Homework may also take away from valuable play and family time, as the teacher and parent Jessica Lahey laments in her post on this blog, “I Hate Homework. I Assign It Anyway.” Early childhood experts tell us that play should be the top priority in preschool, and documentaries like “Race to Nowhere” remind us that many kids are burned out by the time they get to high school.
So after a day at school, why are we bringing home more work for the barely potty-trained? I remember being horrified when my oldest son brought home nightly homework in public kindergarten. Tired and spent from a full day of academics, he couldn’t focus, he begged for it to be over, and my husband and I spent hours coaxing him to fill out a worksheet that should have taken five minutes.
But did I say anything to the teacher about it? Not a word.
Neither did the preschool parents I spoke with. What’s more, they didn’t want to say anything at all.
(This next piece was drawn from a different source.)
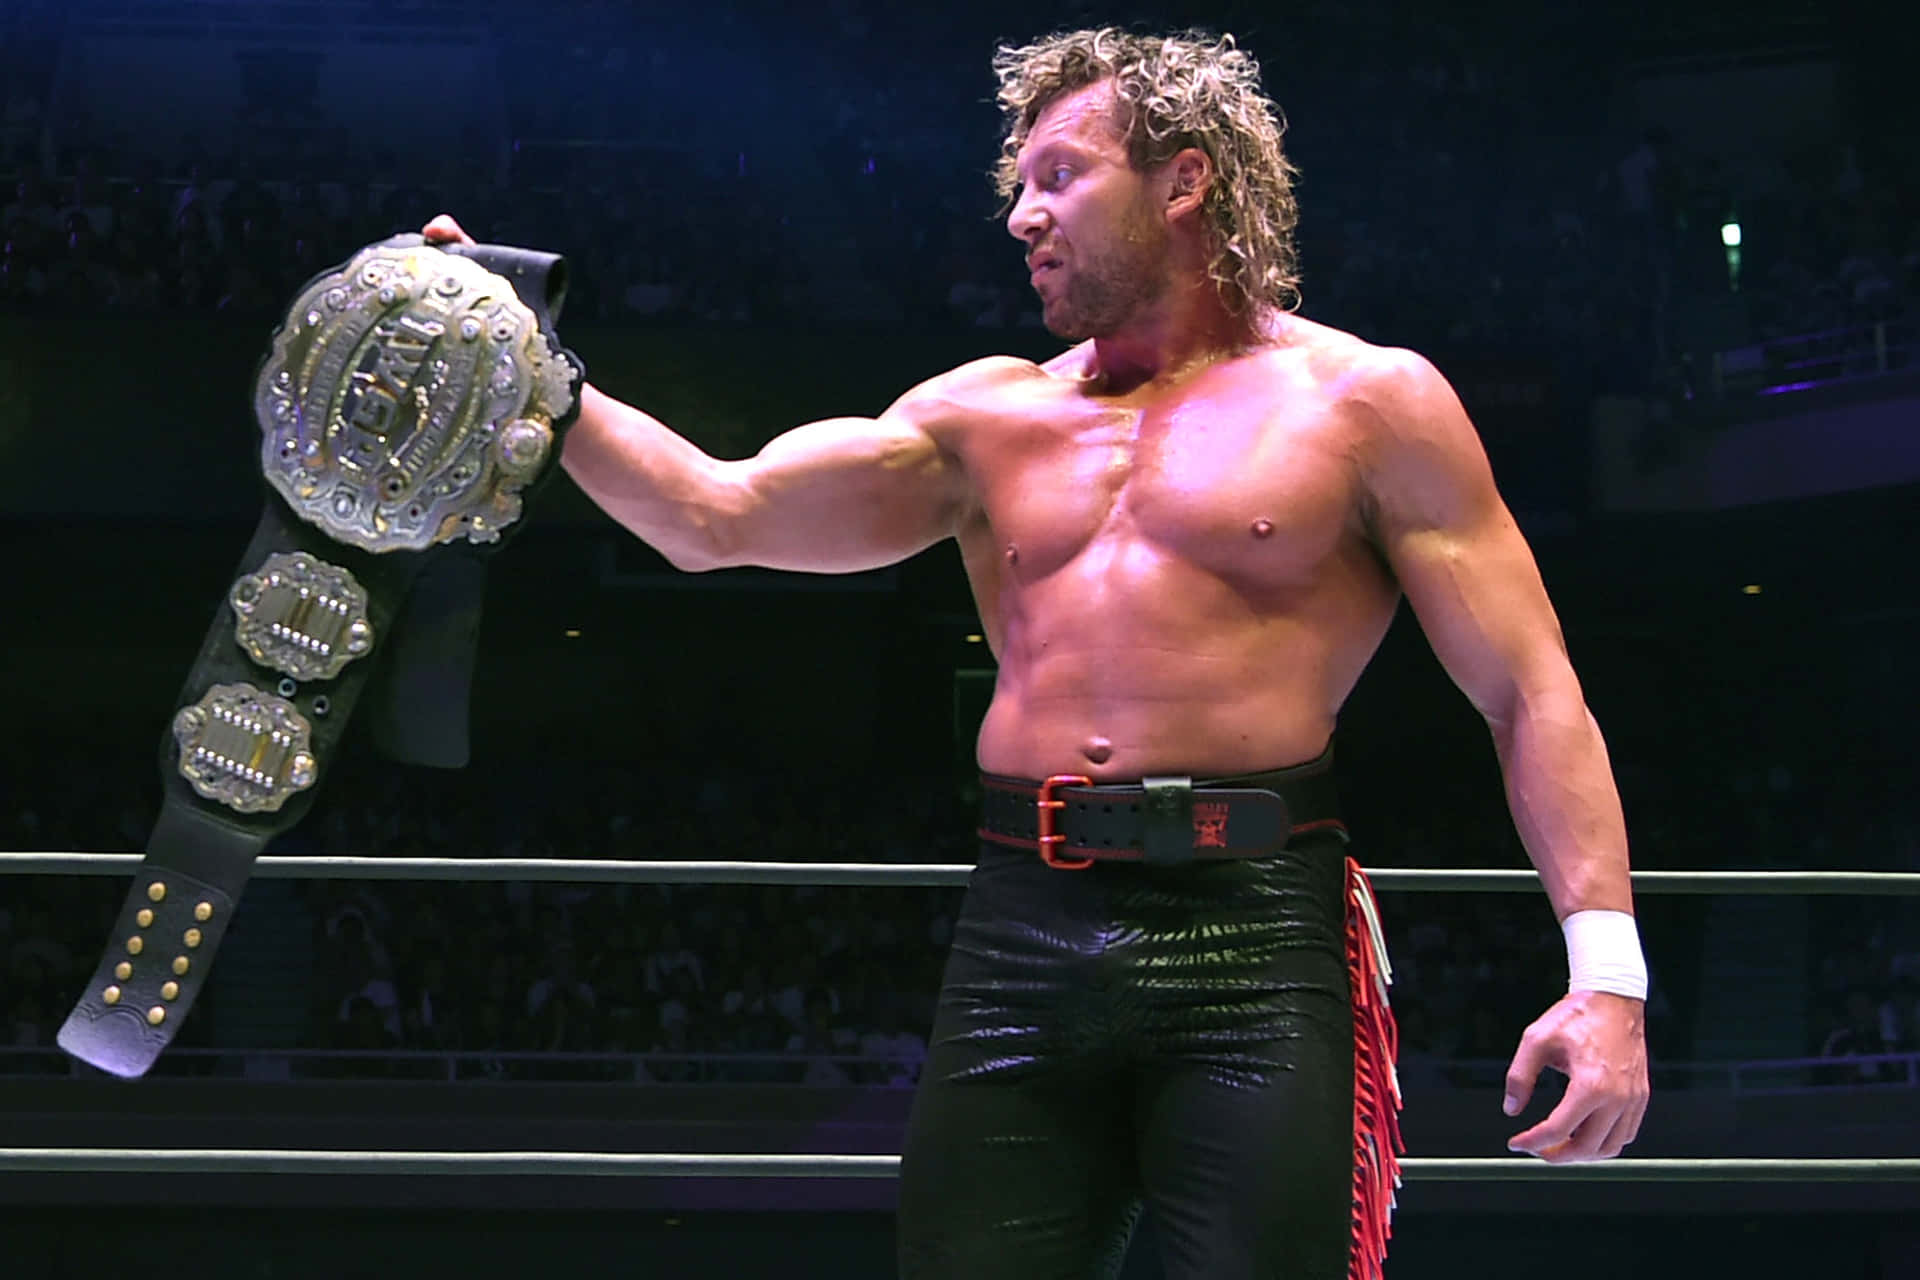 Kenny Omega Looking At His Championship Belt Background

Several parents refused to be quoted on the topic. One parent put it plainly: getting into a decent school is hard enough, I don’t want this to come back and haunt me. Why are parents afraid to say they don’t like preschool homework? If we parents think that homework (or any policy or practice) is making our children miserable, why wouldn’t we say something about it?
Pressure to test preschoolers for entrance into coveted gifted and talented programs makes it even harder to protest. Vassiliki, a mother from Chicago, did balk; she told me she refused to turn in her preschool daughter’s nightly homework. “The idea was revolting to me,” she said. But Vassiliki also acknowledged that her daughter’s private preschool, located within a Chicago public magnet school, had a cozy relationship with the magnet’s gifted and talented program. “The kids get primed to ace the ‘gifted’ system-wide tests.” Homework (whether it’s turned in or not) is part of that priming.
One reason parents may be reluctant to speak up, says Mr. Kohn, is our nearly unconditional acceptance of schools’ authority. Instead, busy parents may spend more time finding ways to deal with the unpleasant homework instead of confronting the school. Jennifer from New Jersey eventually asked her child’s preschool teachers if there was a way to reduce his workload. “They said it shouldn’t be about frustrating the kids, so now he will be given just one sheet of letters to practice per week. They said, ‘Look, this is only preschool.”
But we should be asking bigger questions — like if the real reason we’re not saying no to preschool homework is because, in today’s rush to get young children into academics, we fear our child will fall behind. We parents should stick up for what preschool does well — teaching kids how to socialize, take turns, and work in a group. Preparing children to read and write during the hours of the school day is fine, but a preschooler’s “homework” should be exploring, playing and listening to bedtime stories.
As we demand academics from younger and younger children, will there come a time when 4-year-olds are no longer prepared for the demands of pre-K? And then is homework for 3-year-olds around the corner? A few years ago, preschool homework might have been a headline in The Onion, but we don’t seem to be laughing. Instead, somewhere out there, someone is busily developing “Worksheets for the Womb.”